**How to complete this task:** Restate word for word the lines below, from the one containing "Sam certificate Meccano Guild" through the final line, with no pictures included.

**Provided material:**
■ ■ ■ ■
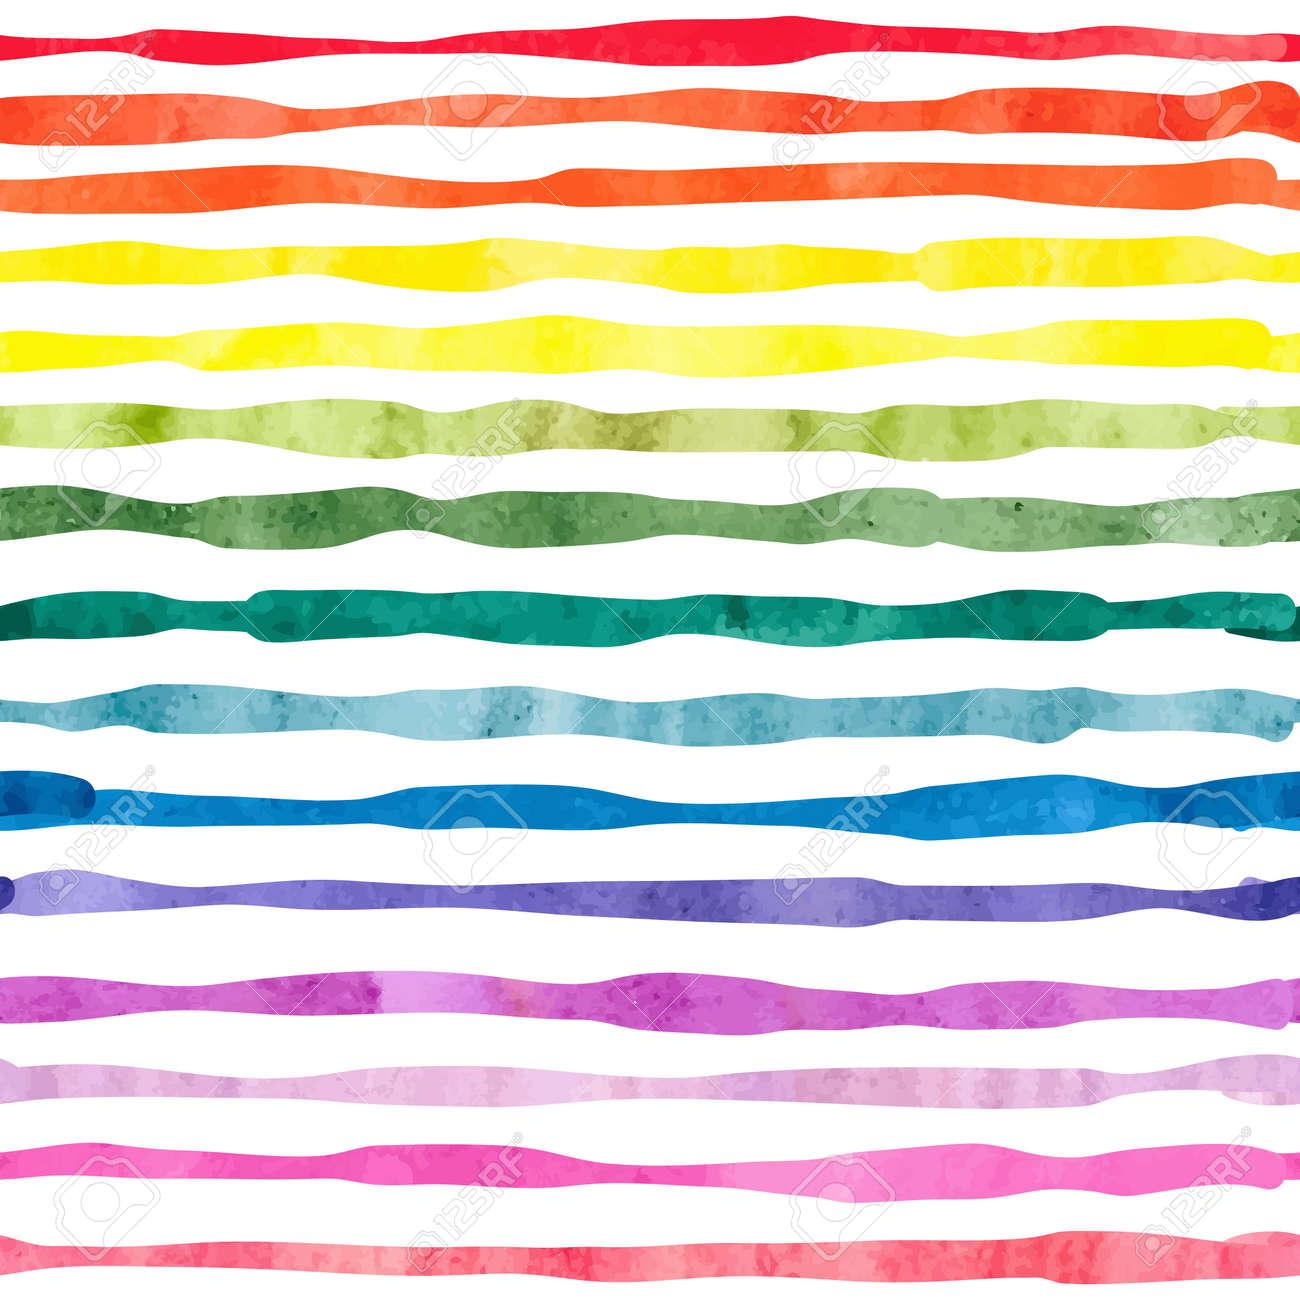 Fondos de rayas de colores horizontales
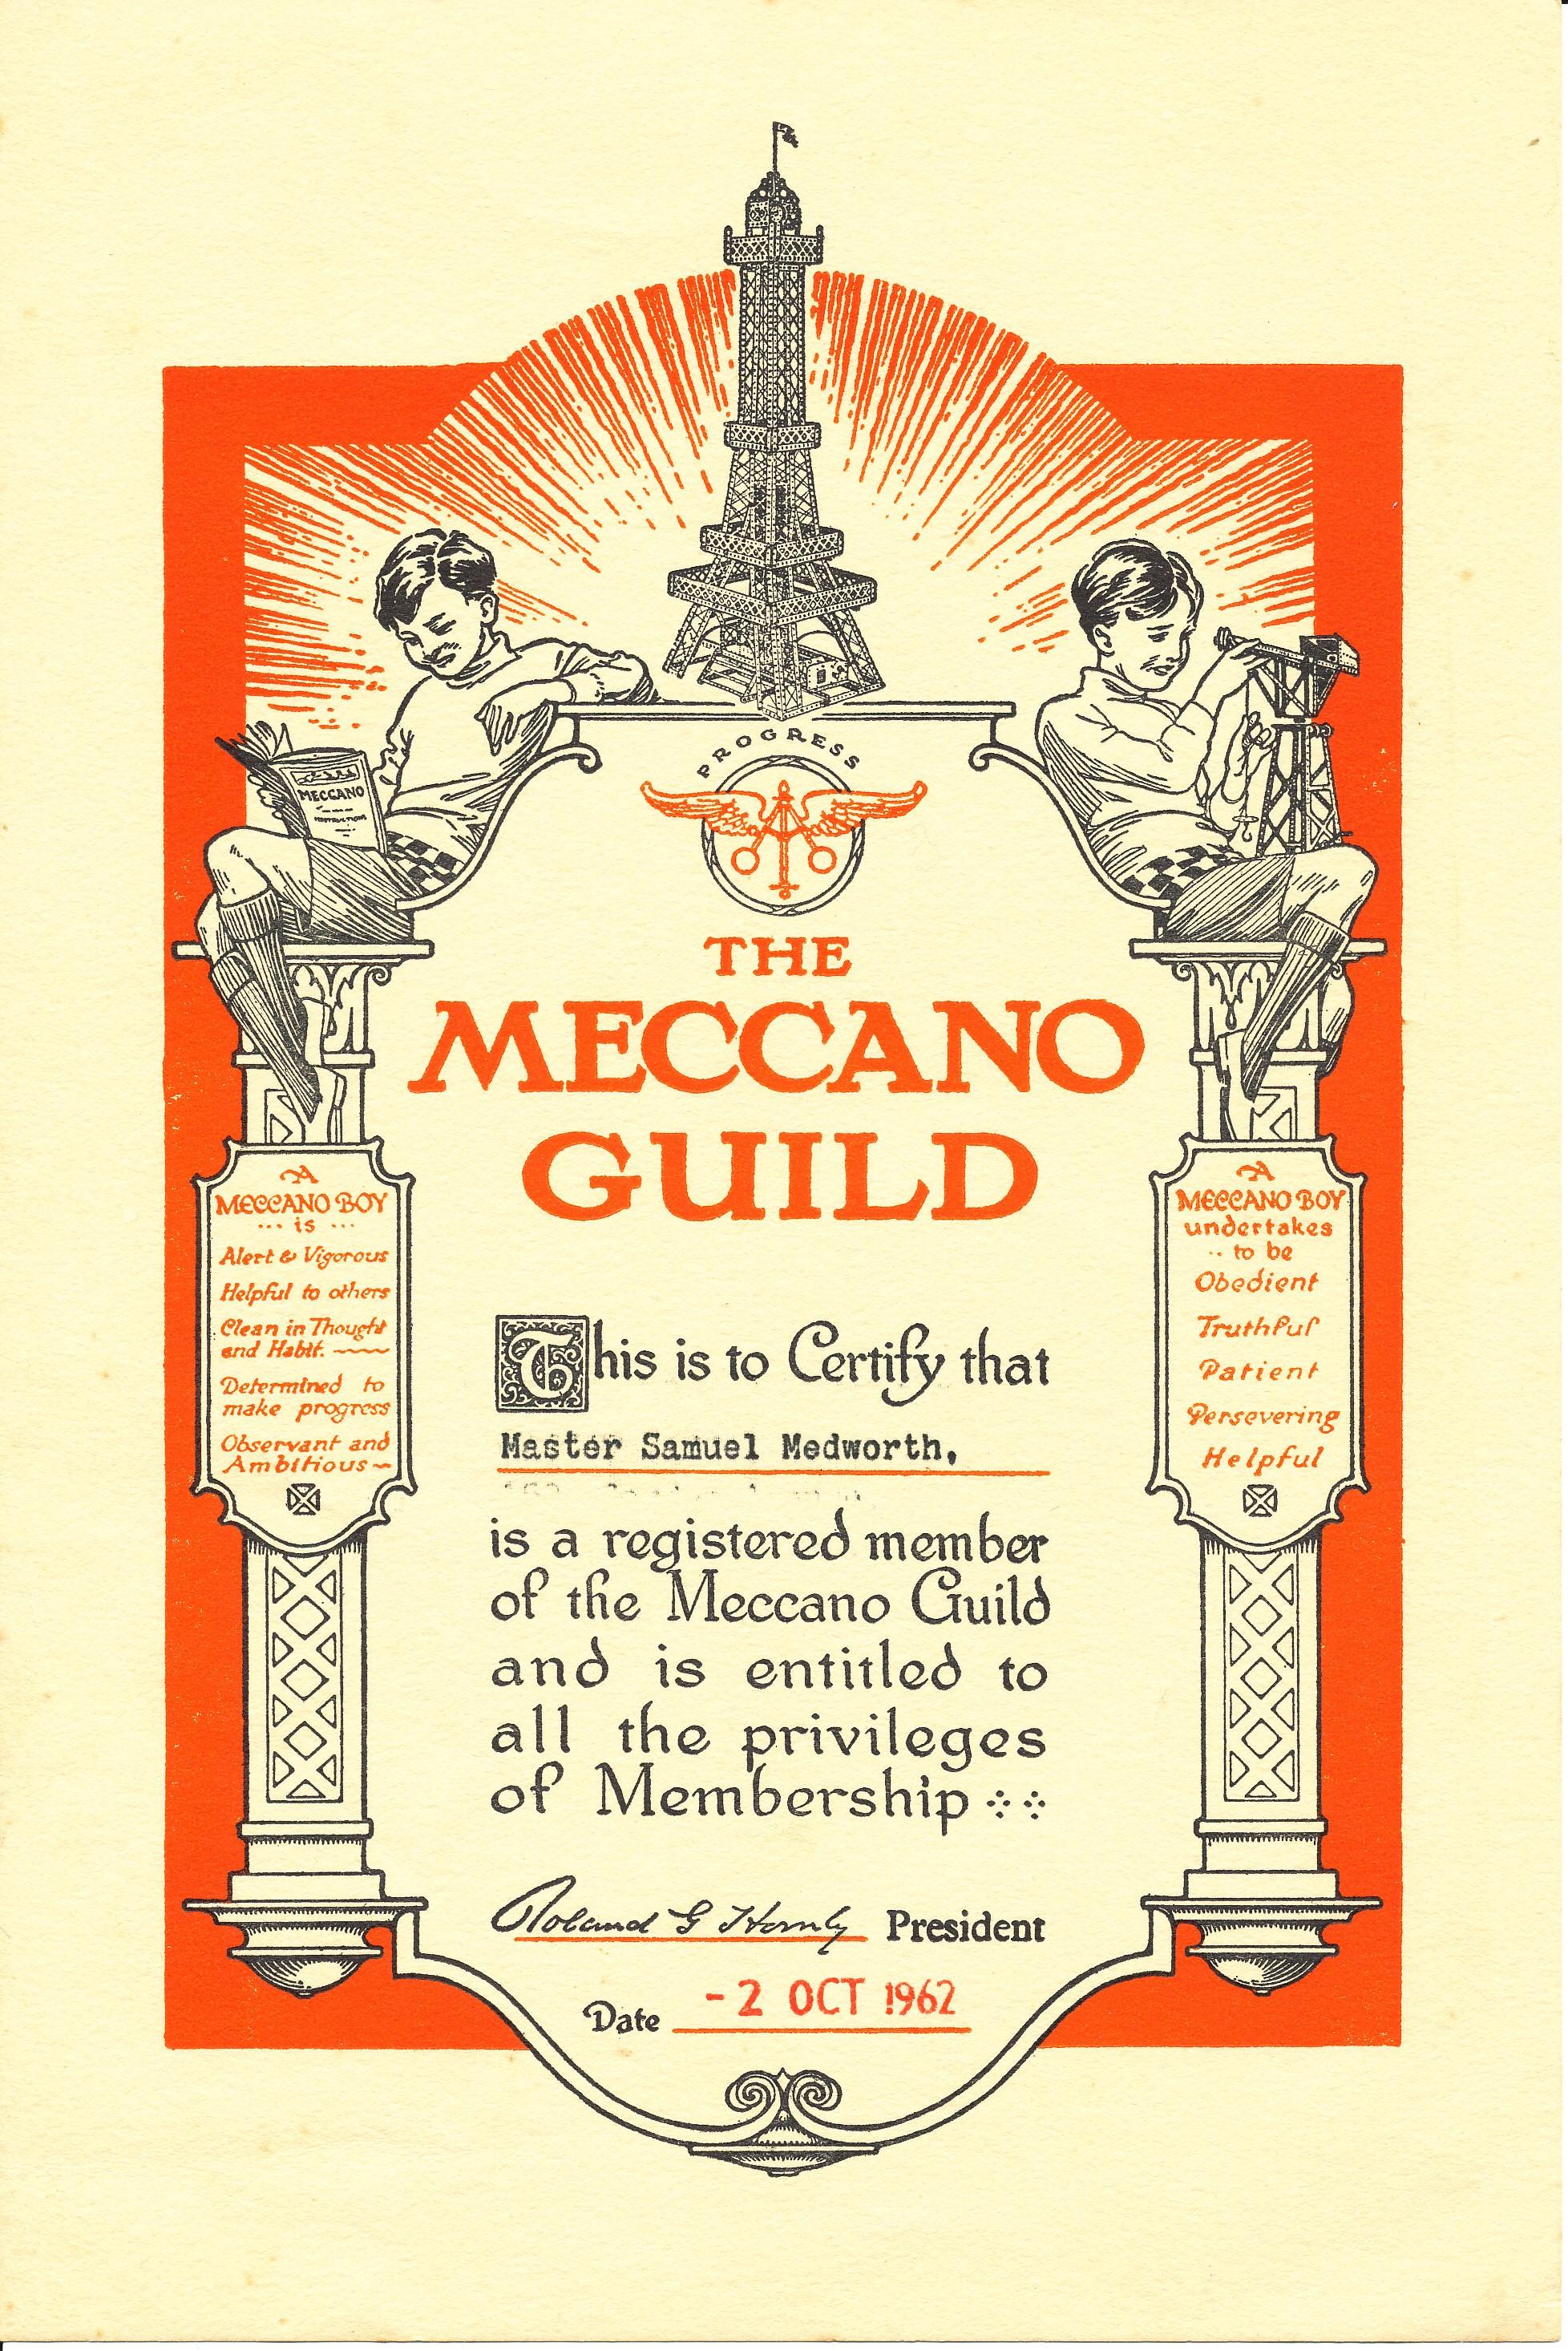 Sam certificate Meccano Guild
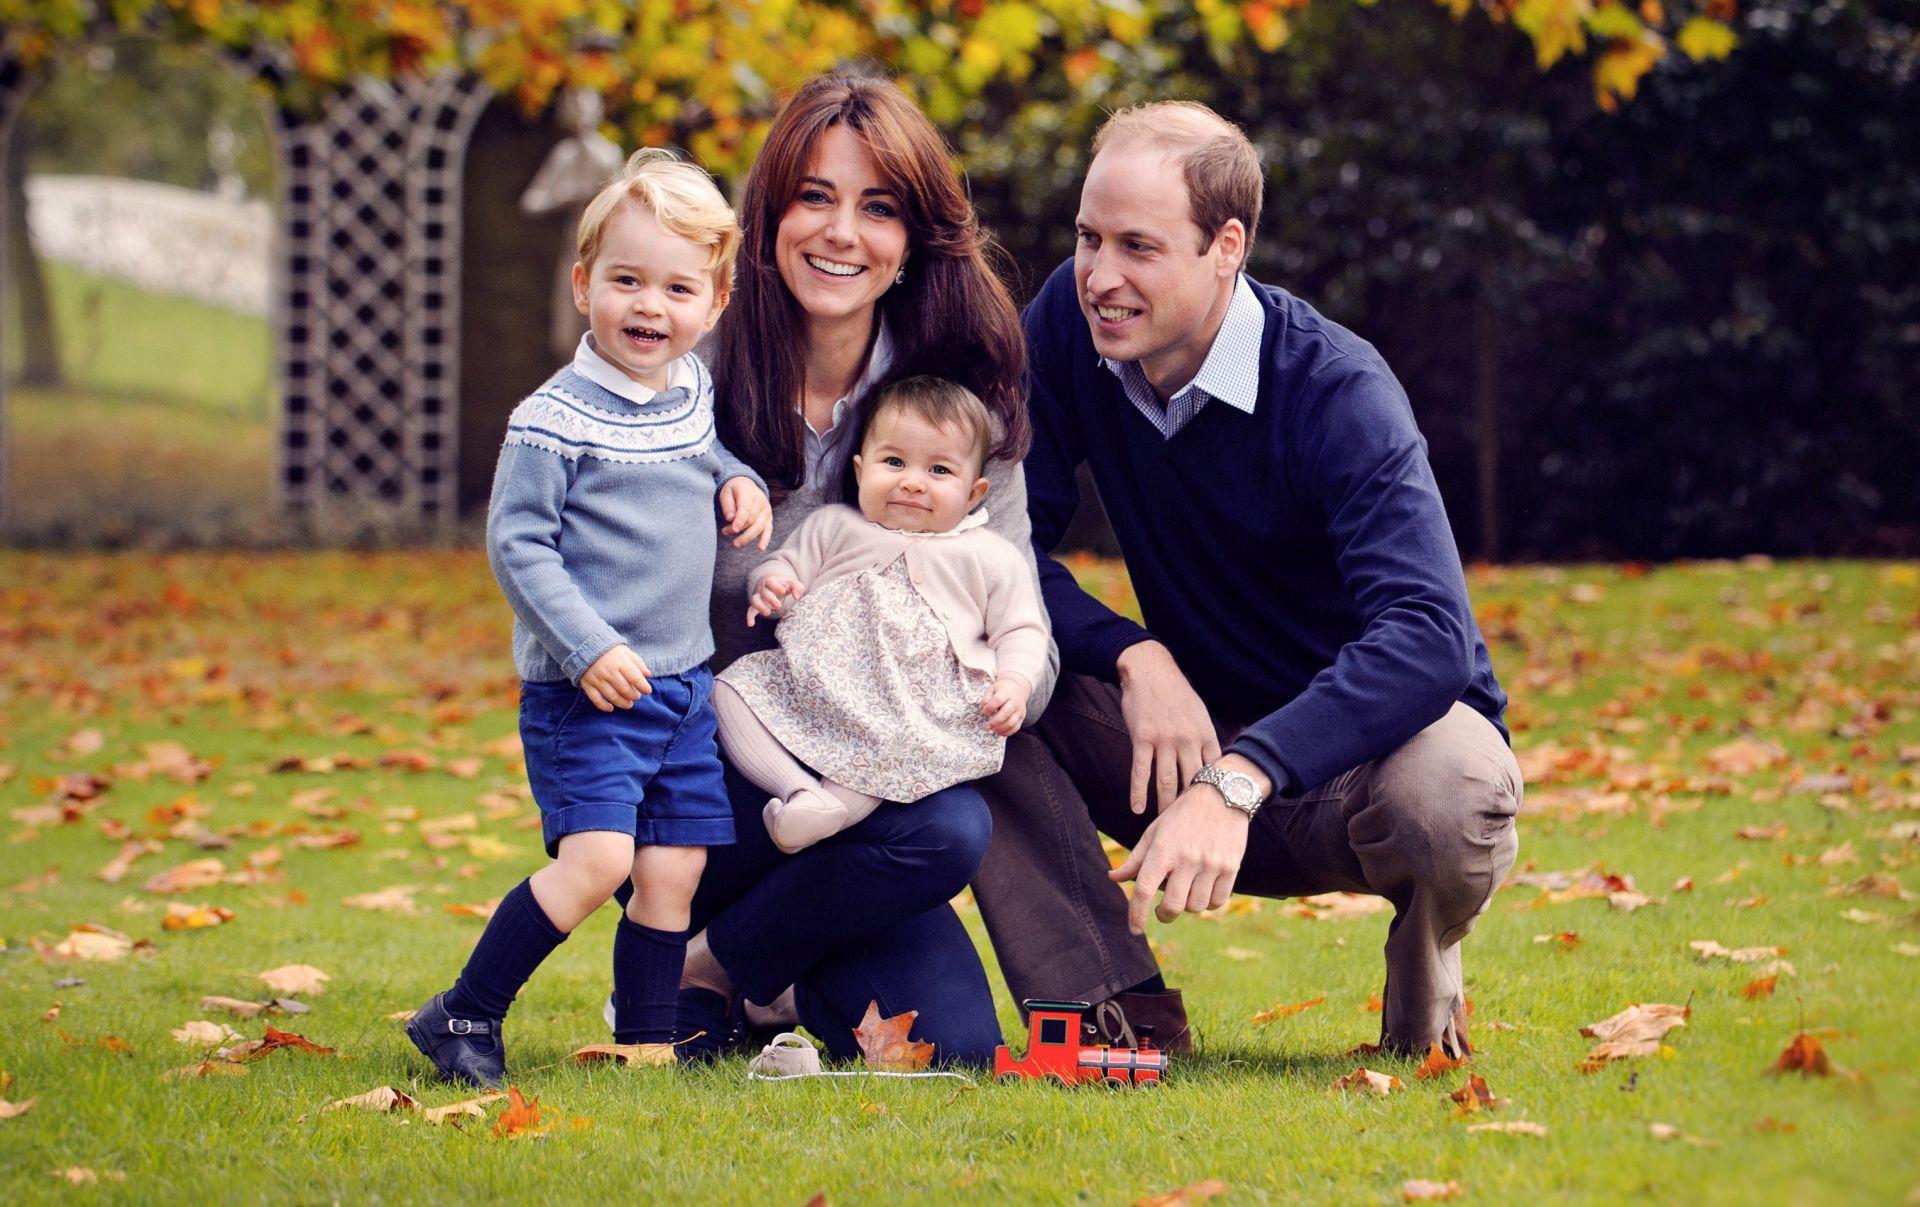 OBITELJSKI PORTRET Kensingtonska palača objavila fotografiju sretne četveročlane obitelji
■ ■ ■ ■
**Written solution:**
 Sam certificate Meccano Guild
 OBITELJSKI PORTRET Kensingtonska palača objavila fotografiju sretne četveročlane obitelji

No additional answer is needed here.